L'articolo è strutturato in maniera estremamente semplice e chiara, e il suo pregio consiste nel fare una carrellata sulle ultime scoperte riguardanti un uso scientifico dell'ipnosi come terapia, specie riguardo le neoplasie e la terapia del dolore, alla luce delle recenti acquisizioni in neurofisiologia.
L'autore fa in chiusura un cenno sbrigativo alla questione dei fattori terapeutici, il che invece, secondo me, è questione di fondo, anche, e forse soprattutto, con riferimento alla rimessa in moto dell'affettività. Il discorso relativo ai fattori terapeutici è lungo e complesso, e percorre l'intera storia della psicoanalisi, e non è così nebuloso come l'accenno dell'autore sembra voler dire.

Ora una brevissima sintesi storica (per una review del dibattito sui fattori curativi in psicoanalisi, vedi anche un lavoro di Migone del 1989, ripreso nel cap. 6 del suo libro del 1995 Terapia psicoanalitica):

Nel 1933 Strachey individua nell'interpretazione "mutativa" un importante fattore terapeutico, volto a staccare il transfert dal rapporto reale, aprendo una breccia nel circolo vizioso nevrotico.
Nei 1935 Binswanger parla della relazione di fiducia tra terapeuta e paziente.
L'anno dopo, Glover (1936) sottolinea l'azione umana nel transfert, in particolare l'atteggiamento inconscio dell'analista. 
Lo stesso anno, al Congresso di Marienbad, Sterba (1936) parla di introiezione dell'Io del terapeuta da parte del paziente. 
L'anno dopo, Strachey (1937) indica il punto focale dell'analisi: l'interpretazione di traslazione.
Nel 1946, Alexander parla di "esperienza emozionale correttiva". 
Nello stesso anno, Loewenstein (1946) esprime i suoi dubbi sul fatto che qualcuno abbia potuto concludere con successo l'analisi senza aver offerto qualcosa di più delle semplici interpretazioni. 
Loewald nel 1960 parla dell'importanza della relazione, in particolare dell'atteggiamento reale e profondo del terapeuta, catalizzatore di tutti i fattori terapeutici. 
Gitelson, nel 1962, al Congresso di Edimburgo, sottolinea la situazione "diatrofica" delle condizioni del trattamento. 
Nel 1965, Nacht afferma che il fattore decisivo è l'atteggiamento profondo dell'analista.
Nel 1984, Kohut pone come fattore terapeutico l'empatia. In questo articolo, sembra che si tratti di rimettere in moto un'affettività specifica, recuperando, come dice Fred Frankel, "i ricordi, specialmente quelli di natura traumatica, [che] possono essere recuperati più accuratamente quando l'affetto che caratterizza lo stato in cui il ricordo viene richiamato è congruente (simile) a quello dello stato nel quale il materiale era stato appreso" (p. 113 dell'articolo di Efficace).

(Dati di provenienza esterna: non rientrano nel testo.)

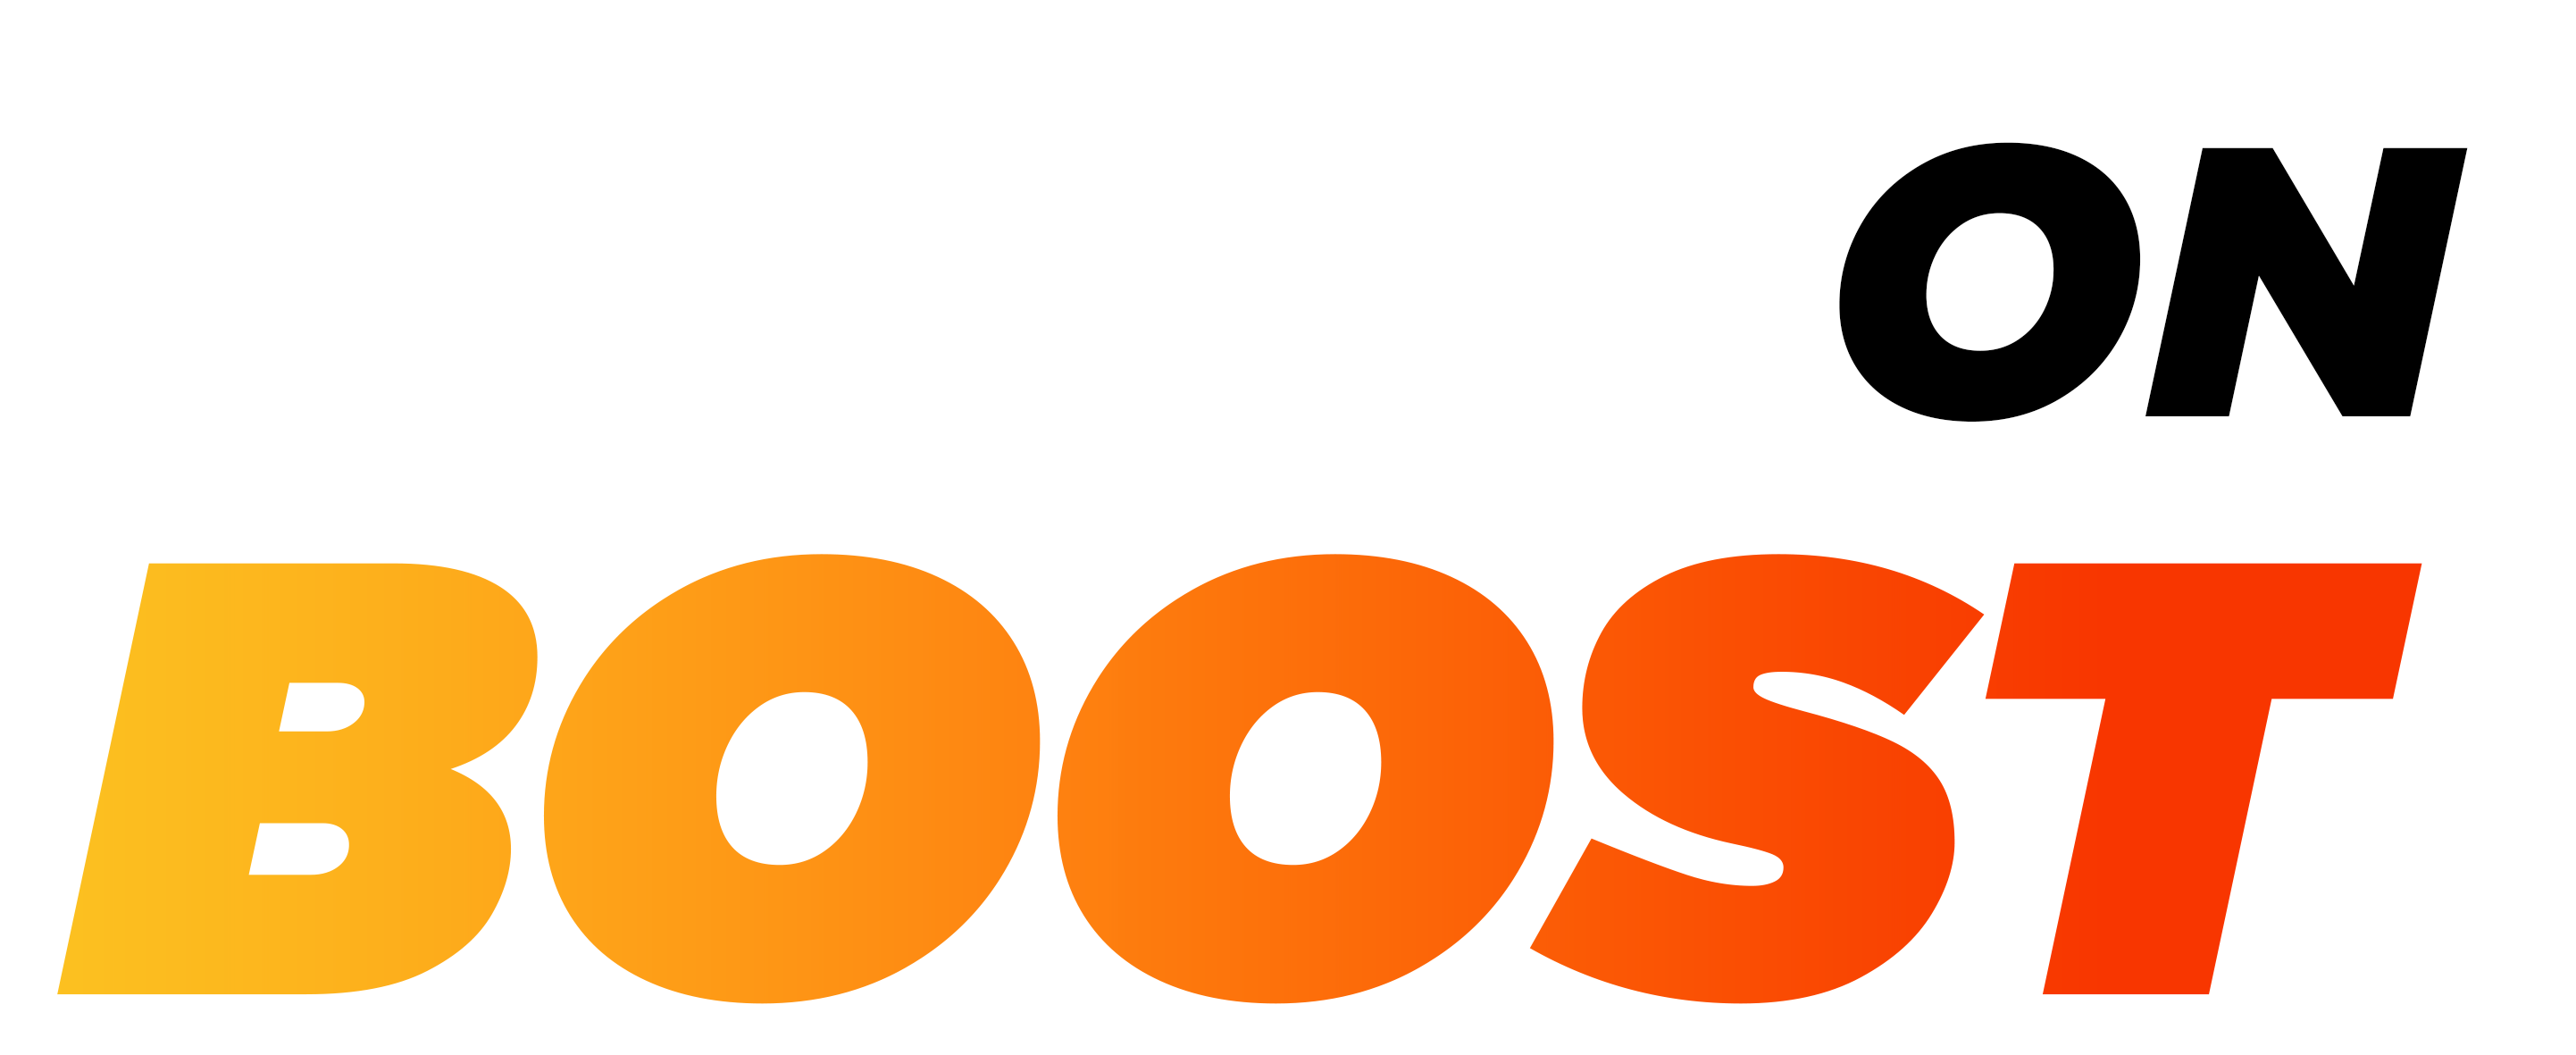 High on Boost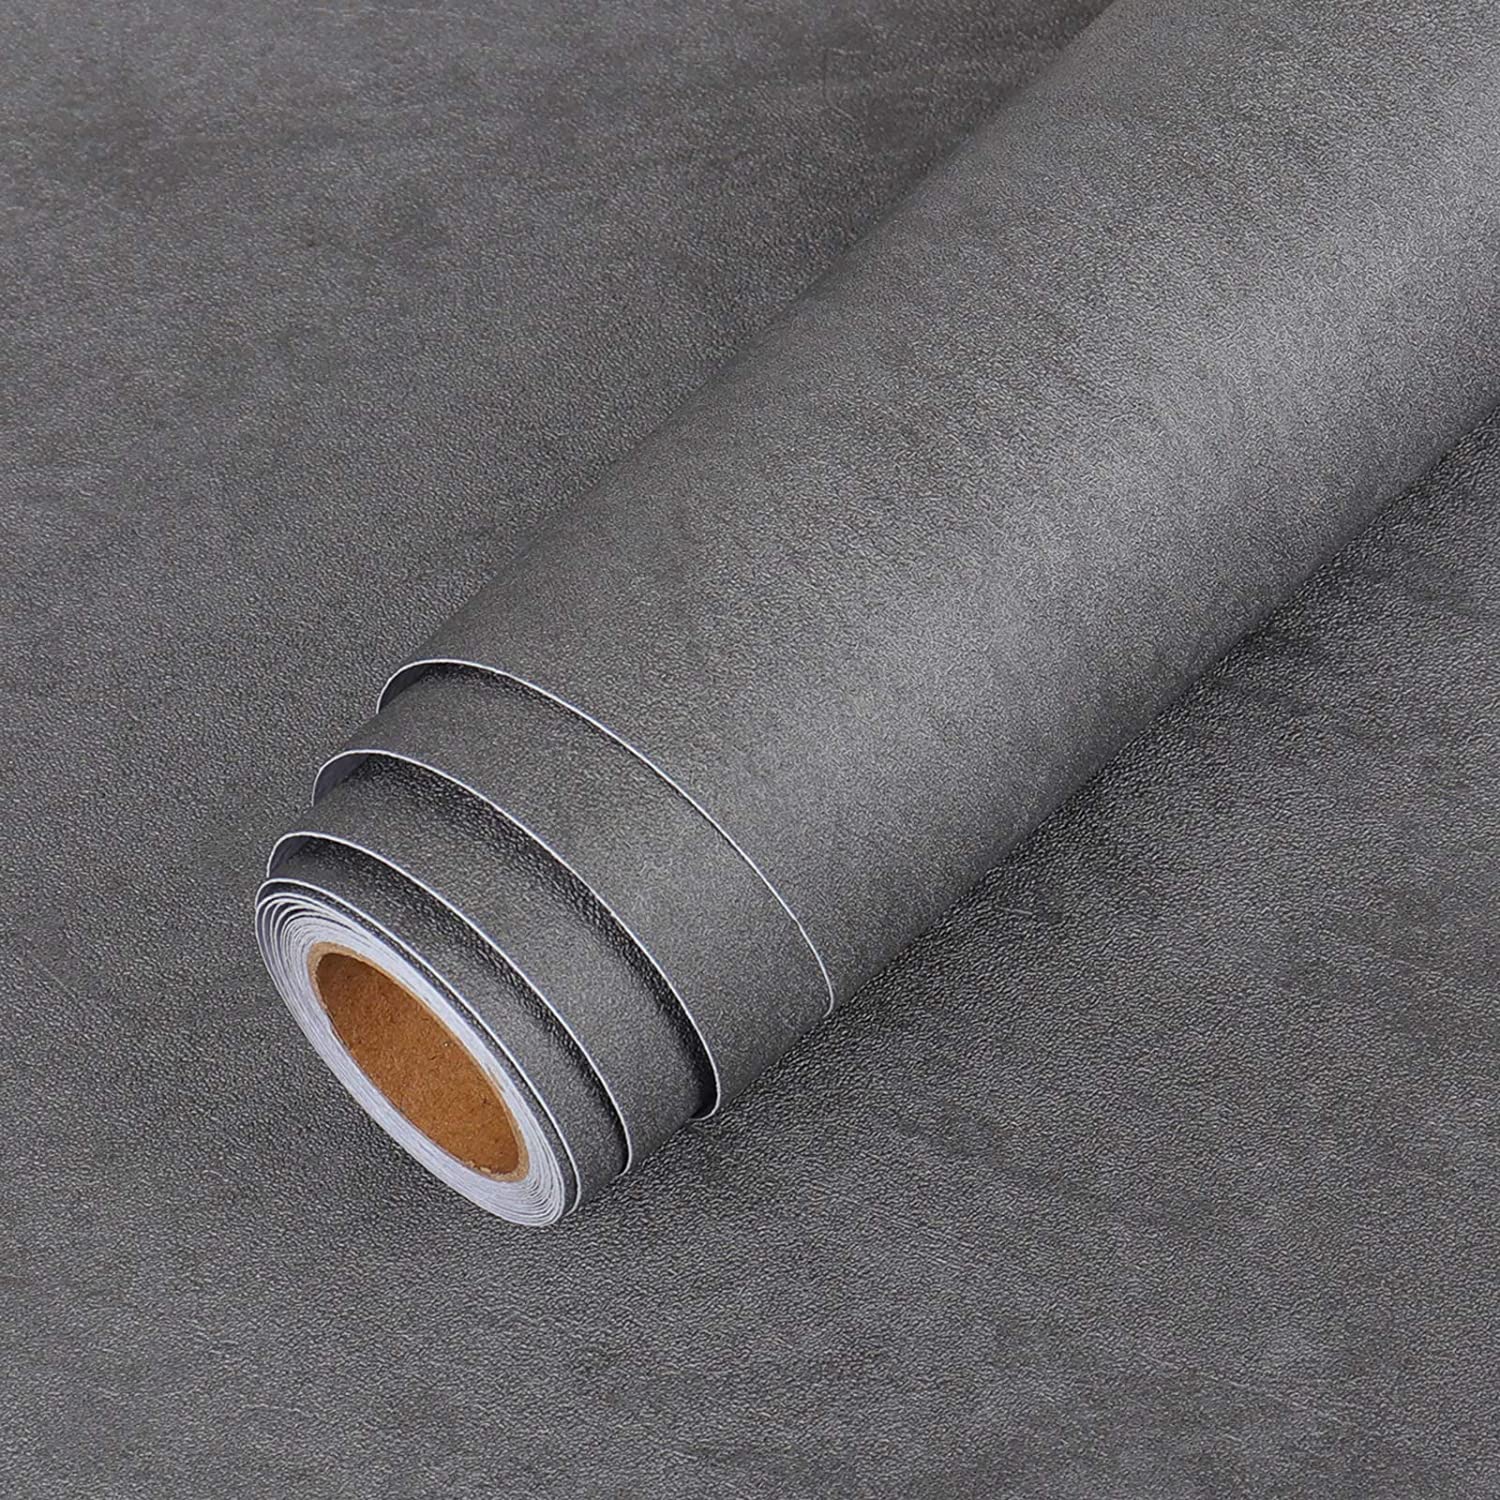 LACHEERY, LaCheery Extra Thick Matte Concrete Wallpaper Stick and Peel Wall Paper Roll Dark Grey Vinyl Countertops Vintage Industry Concrete Textured Cement Contact Paper for Bedroom Walls Furniture 15.8 x80

Personalmente, non ritengo che questo sia il punto di demarcazione, che va invece individuato, a mio parere, nella continuità relazionale tra terapeuta e paziente, alla luce di un costante processo interpretativo.
Questo è stato il grande passo di Freud: non si è trattato solo di raggiungere il ricordo e gli stessi risultati dell'ipnosi in un altro modo, si tratta di un discorso totalmente diverso, come si è potuto vedere anche dalla rapidissima sintesi riguardante i fattori terapeutici, anche se dall'ipnosi e dai suoi effetti catartici e curativi prende le mosse. Il problema non è quindi quello di applicare una tecnica, come nel caso dell'ipnoterapia, bensì di avviare e mantenere un rapporto, nel quale, e proprio per il fatto che sussiste, avvengono delle cose e si attuano dei cambiamenti, ma proprio ed elettivamente attraverso il rapporto e tramite lo strumento specifico dell'interpretazione.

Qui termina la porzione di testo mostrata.